First Internet Bancorp in Fishers, Ind., has issued $25 million in subordinated debt and intends to use the proceeds to support its rapid growth and perhaps for future acquisitions.
The $1.7 billion-asset holding company for First Internet Bank said in a press release Tuesday that the notes will bear a fixed annual rate of 6% until September 2021. After that the rate will reset quarterly to an annual rate equal to then-current Libor plus 485 basis points. The notes mature in 2026.
First Internet Bancorp has granted the underwriters the right to purchase an additional $3.7 million in notes at the public offering. Sandler O’Neill is the book-running manager for the offering.

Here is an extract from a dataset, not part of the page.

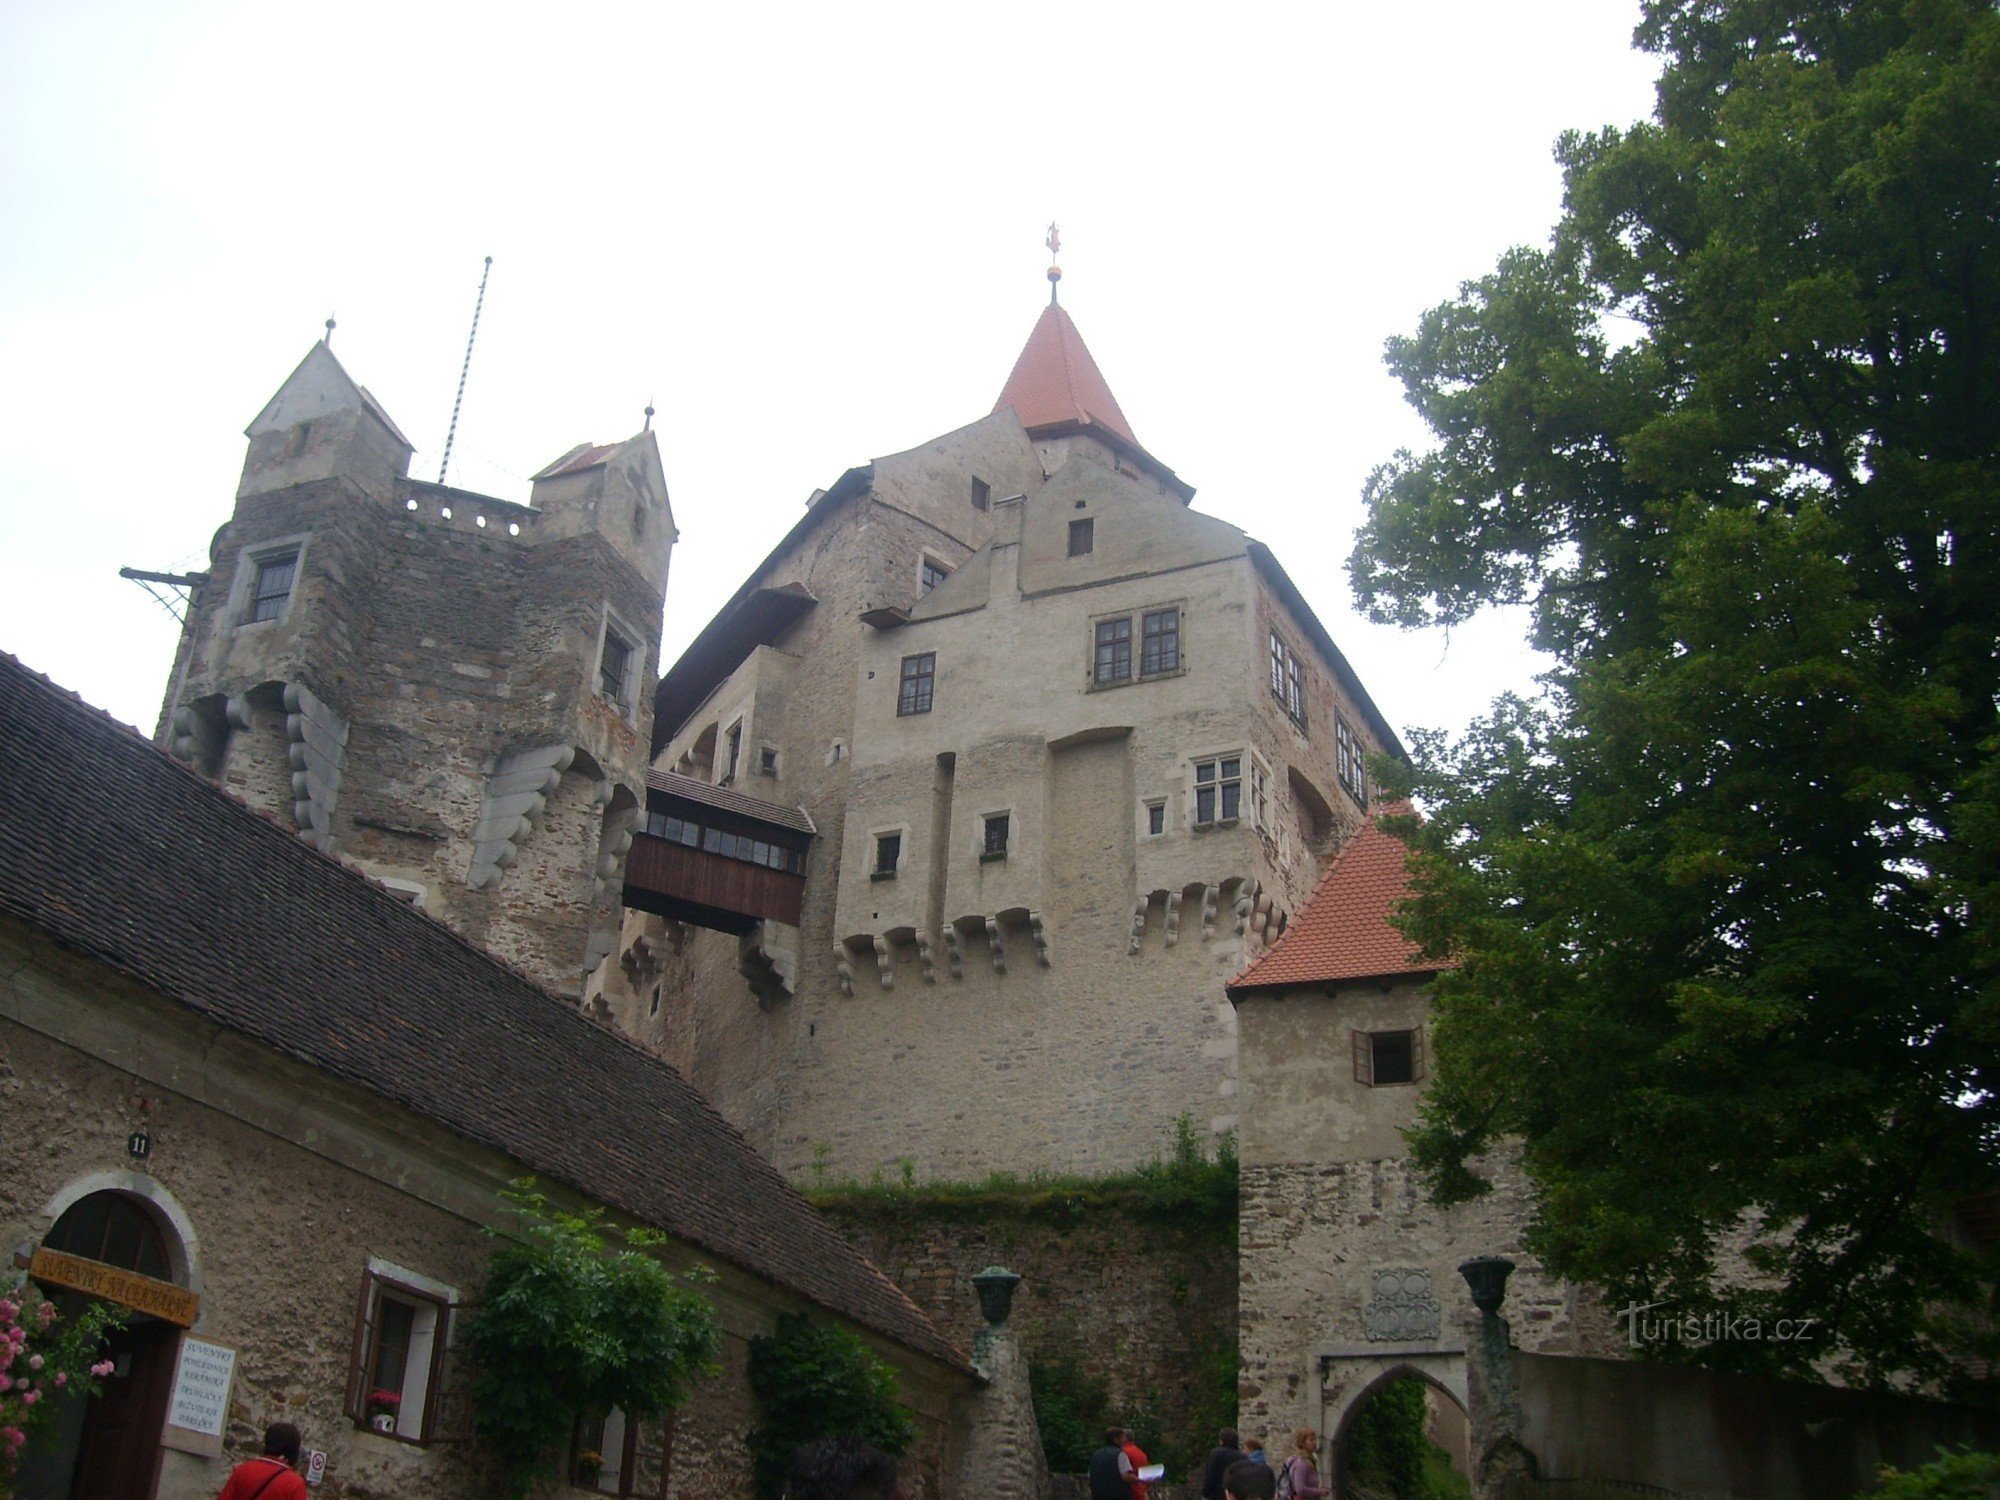 Pernštejn, king of Moravian castles

First Internet has grown rapidly in recent years as it has aggressively ramped up its commercial lending. Its assets have nearly doubled since mid-2014 and more than tripled since the second quarter of 2011. At June 30, the company had $562 million of commercial real estate loans on its books, an increase of 188% from the same period two years earlier.
Apart from supporting organic growth, the proceeds could also be used for strategic acquisition opportunities and other general corporate purposes that may include contributing capital to the bank and reducing or redeeming existing debt, the company said.
The debt issuance is in addition to the $20.1 million First Internet raised in a common stock offering that closed in May.